At some point, Maximus dropped out of government service and took up religion as a full-time occupation, leaving the city of Constantinople for a monastery in Anatolia. Skipping town ahead of the invading Persians, he landed in Carthage, in Eastern Roman hands for the nonce, thanks to Justinian and Belisarius's ruinously expensive Mediterranean campaigns. It was in Carthage that he rose to theological prominence, after understudying with some of the philosophical heavyweights of the time.

The big argument in the Church (there was just the one, back then) in those days was between guys who thought Jesus had two natures, human and divine, but only one divine will, and other guys who thought that Jesus had not only two natures, but also a human will and a divine will. Seriously. This was a very big deal and dudes were killing each other over it.

Well, the first view, Monothelitism, was the official view at the time, but Maximus was a believer in the second, or Dyothelitism. And he and the new Pope, Martin I, called a religious council in Rome to debate on the matter without bothering to ask the Emperor's permission, which was a pretty serious faux pas. When the council turned out a Dyotheletic verdict, Emperor Constans II (a Monotheletist) had both Pope Martin I and Maximus arrested.

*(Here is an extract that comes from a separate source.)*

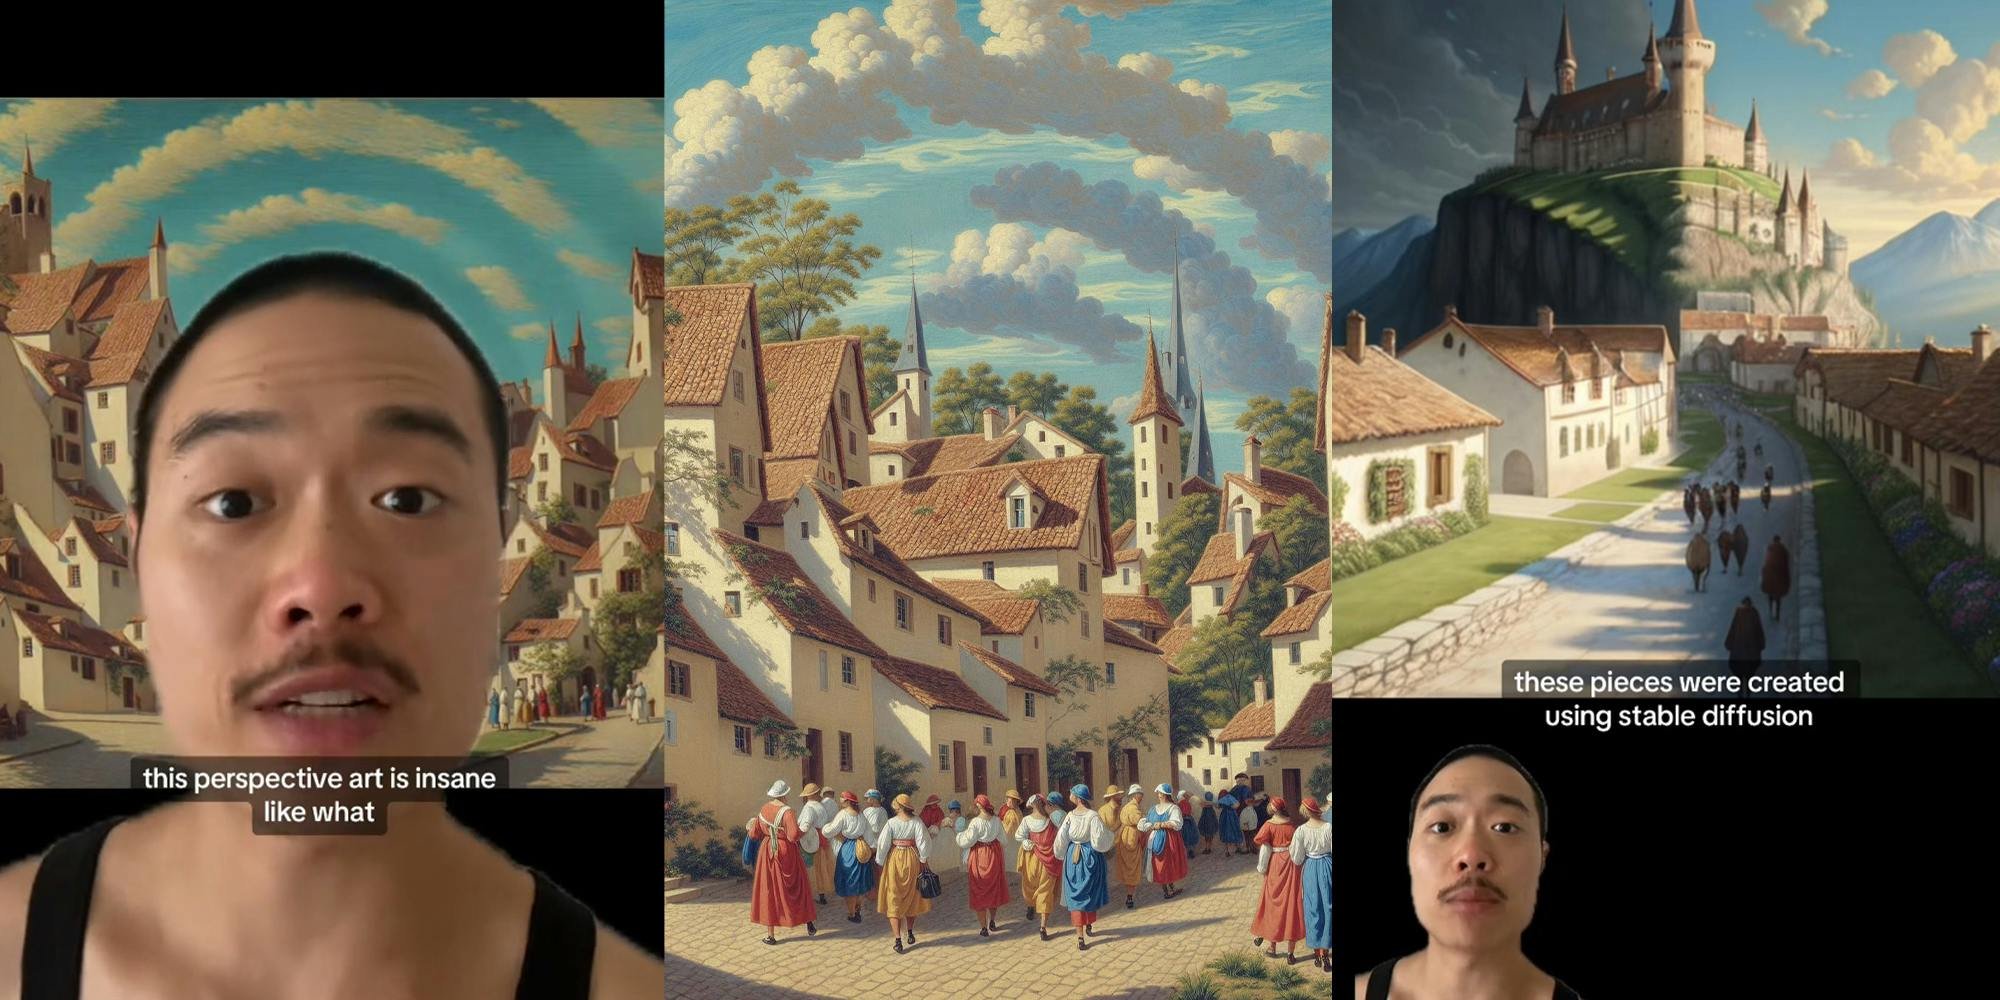 Viral 'Spiral Town' painting sparks controversy over AI art

The Pope got de-Poped and banished to the Crimea, where he died. Maximus was tried and sentenced to exile. However, he would not shut up about Dyothelitism and wound up having a great big show trial a few years later, following which he got his tongue cut out and his right hand cut off so he couldn't tell people that Jesus had two wills anymore or even write it very legibly. Then he got banished to Georgia. (The one on the Black Sea, not the one you drive through on the way to Florida.)

He died in exile there in 662 AD. Nineteen years later, at the Third Council of Constantinople, the Church (still just the one) decided that maybe Jesus did have two wills after all. Maximus received a posthumous pardon, sort of a more official version of "Whoops! Hey, sorry about the tongue and the hand and the whole exile-and-dying-in-prison thing. No hard feelings, okay? Here, have a feast day."

I told you they took their religion seriously in Constantinople, didn't I?